BRIEF.
Each line below should be repeated exactly, but no picture should be carried over.

Saved data entries.

[Start of Attachment]

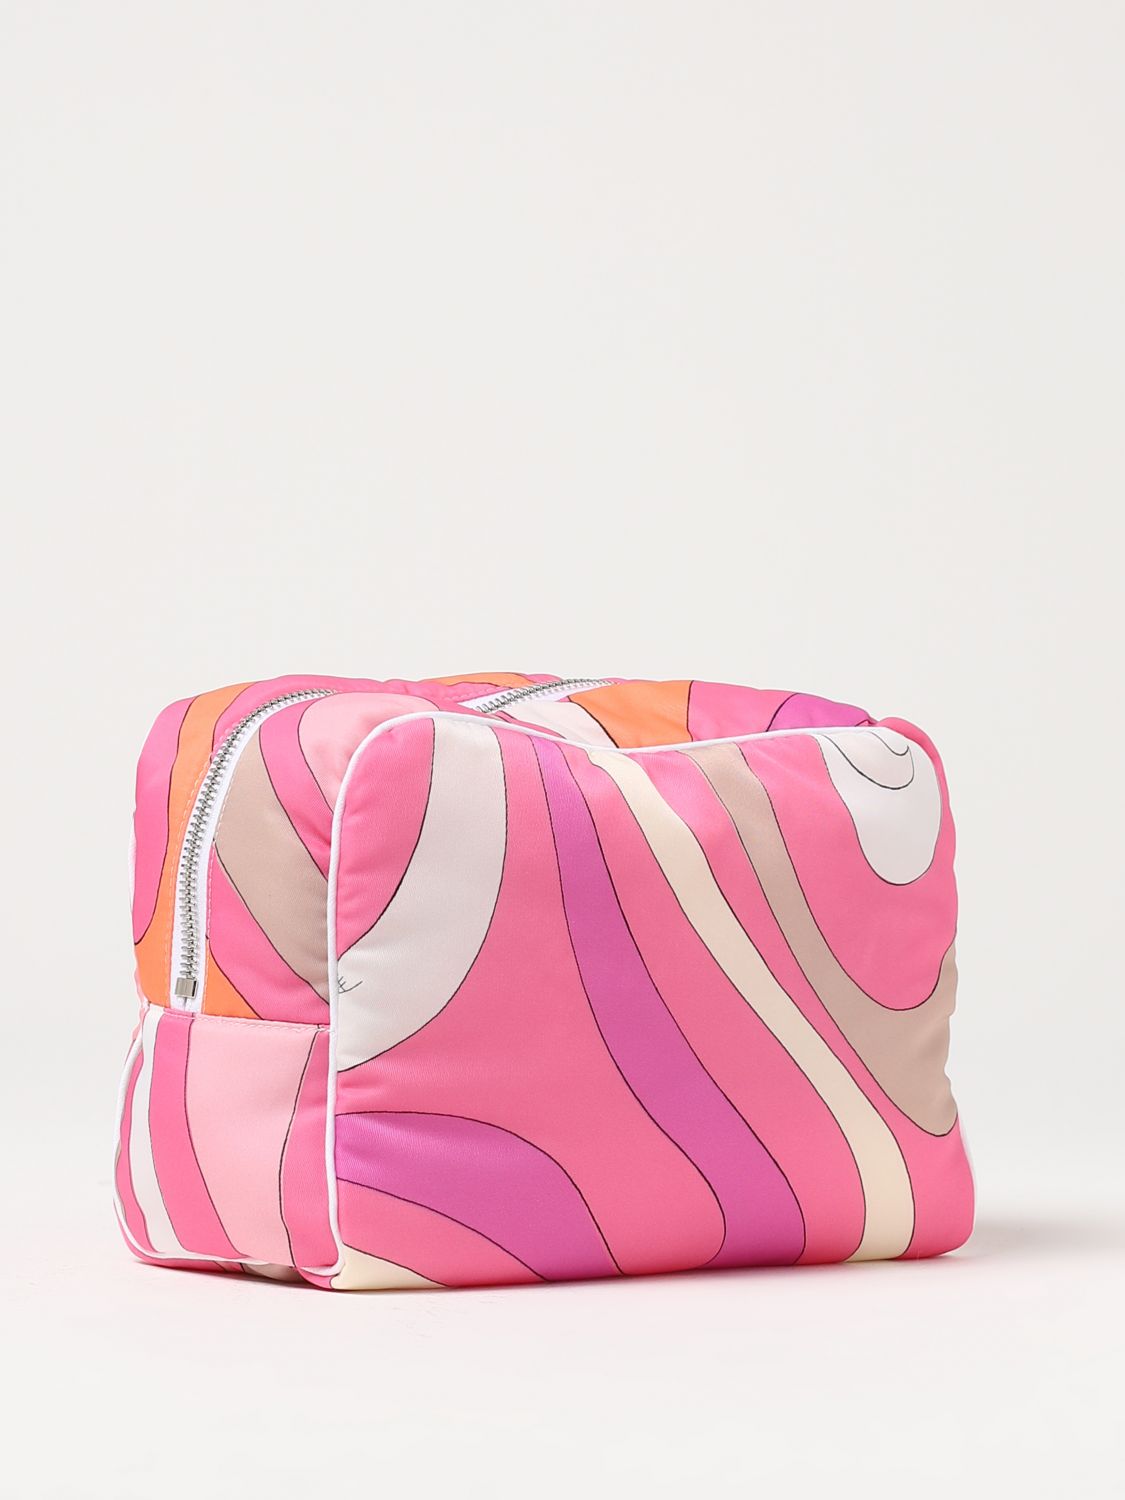 Emilio Pucci Printed Toiletry Bag in Pink
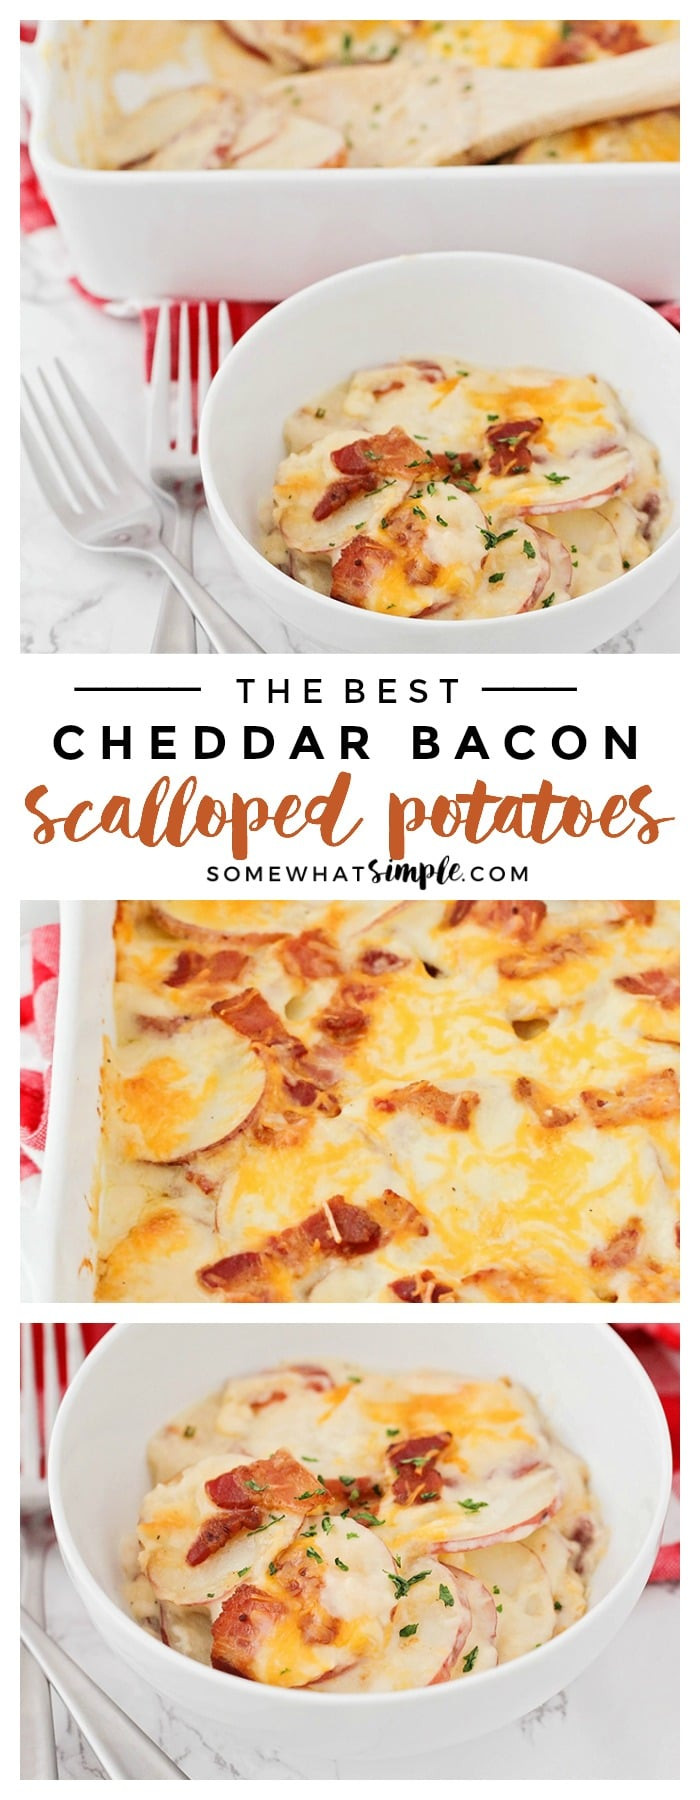 Scalloped Potatoes With Bacon
 The Best Cheddar Bacon Scalloped Potatoes Somewhat Simple
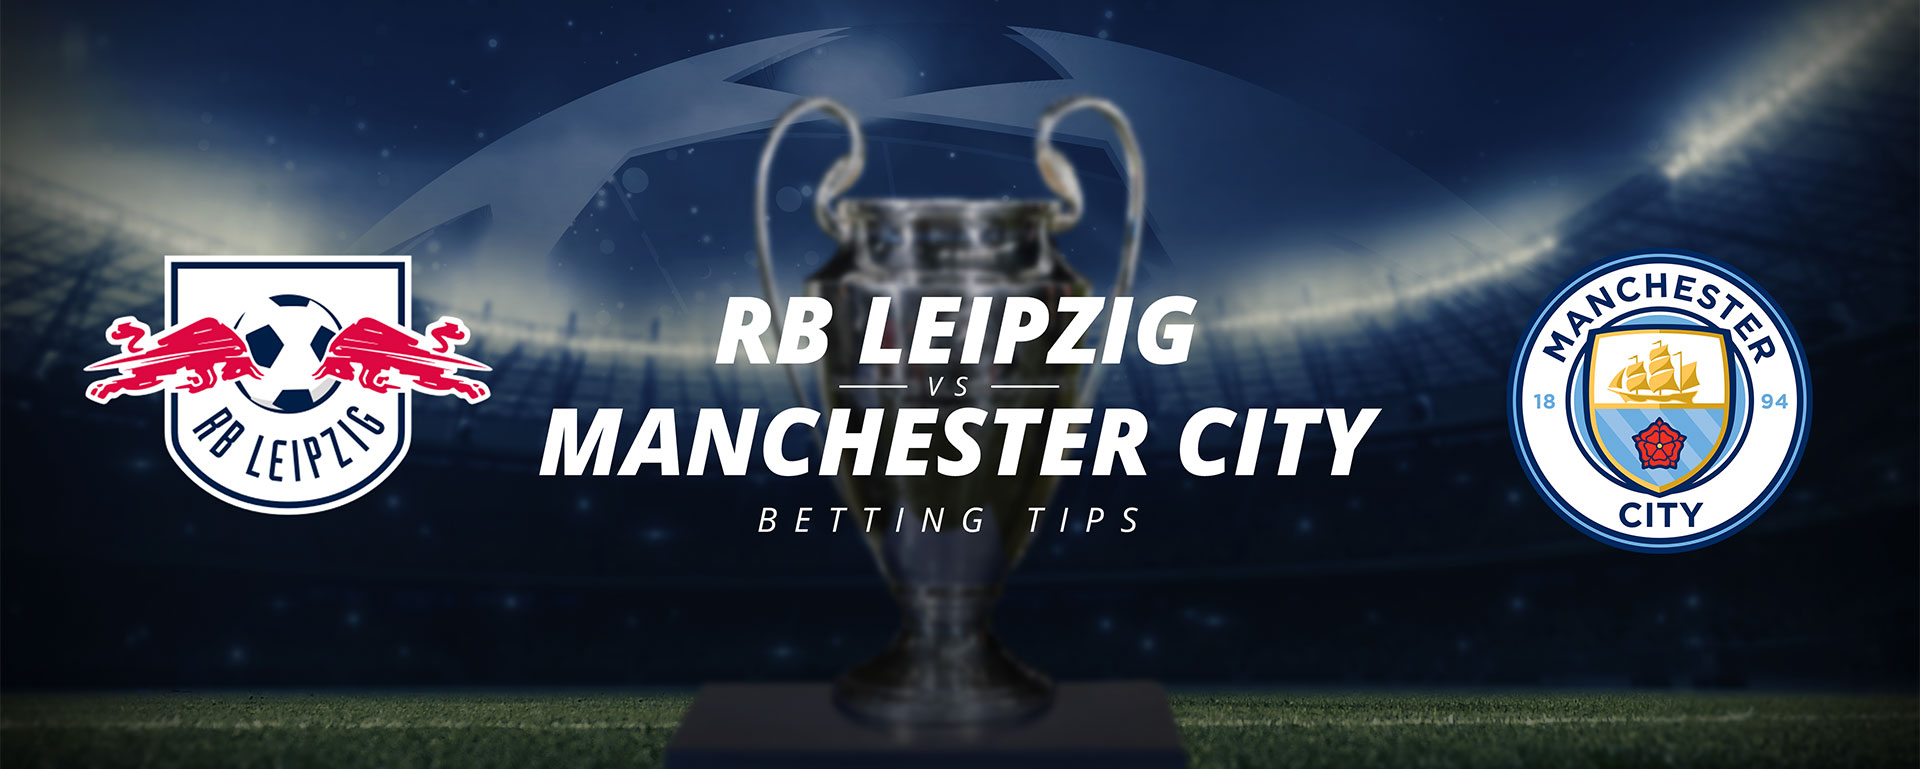 CHAMPIONS LEAGUE: RB LEIPZIG V MANCHESTER CITY
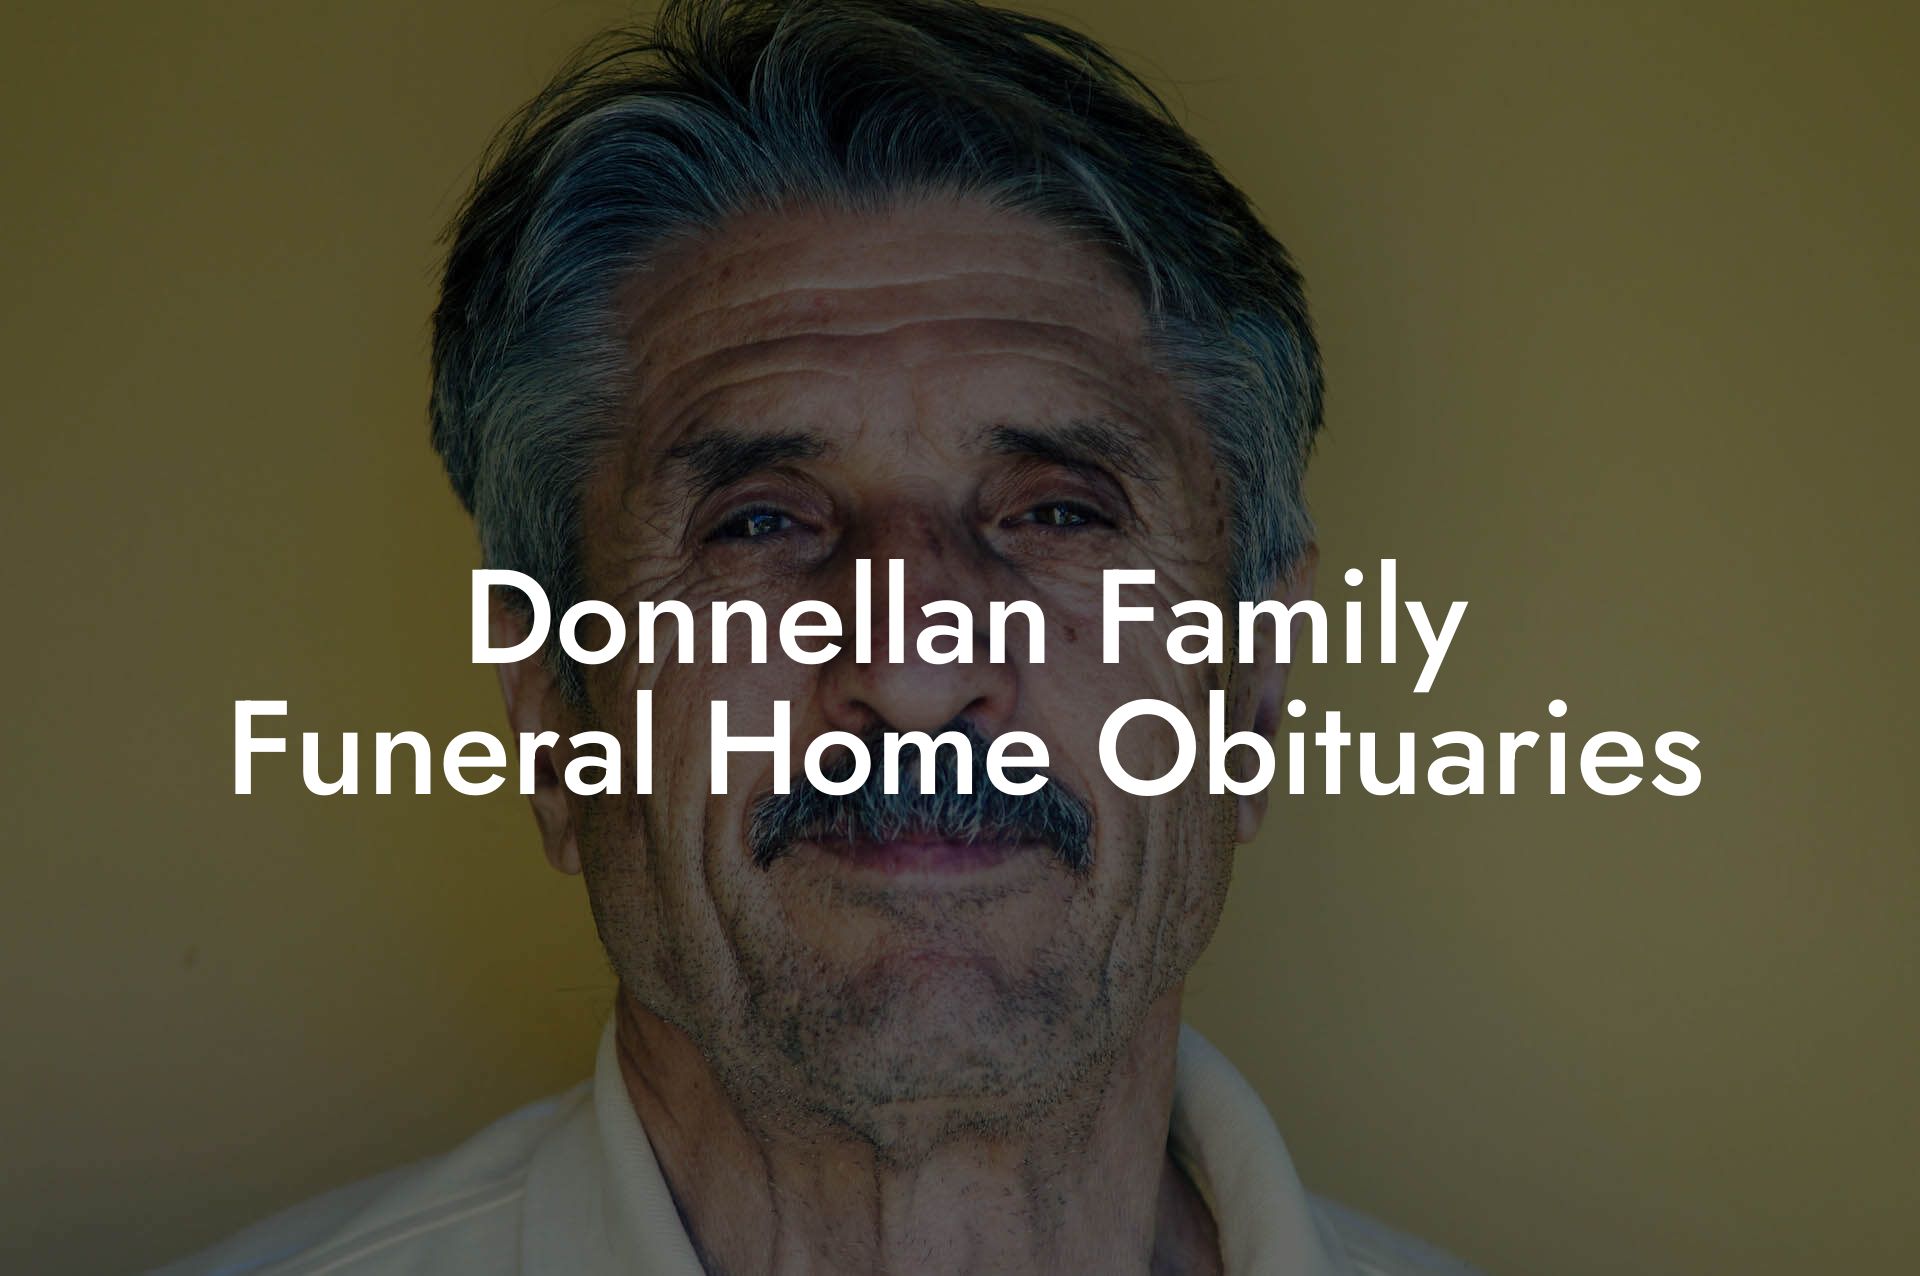 Donnellan Family Funeral Home Obituaries

[End of Attachment]

ANSWER FOR THE TASK.
 Emilio Pucci Printed Toiletry Bag in Pink
 Scalloped Potatoes With Bacon
 The Best Cheddar Bacon Scalloped Potatoes Somewhat Simple
 CHAMPIONS LEAGUE: RB LEIPZIG V MANCHESTER CITY
 Donnellan Family Funeral Home Obituaries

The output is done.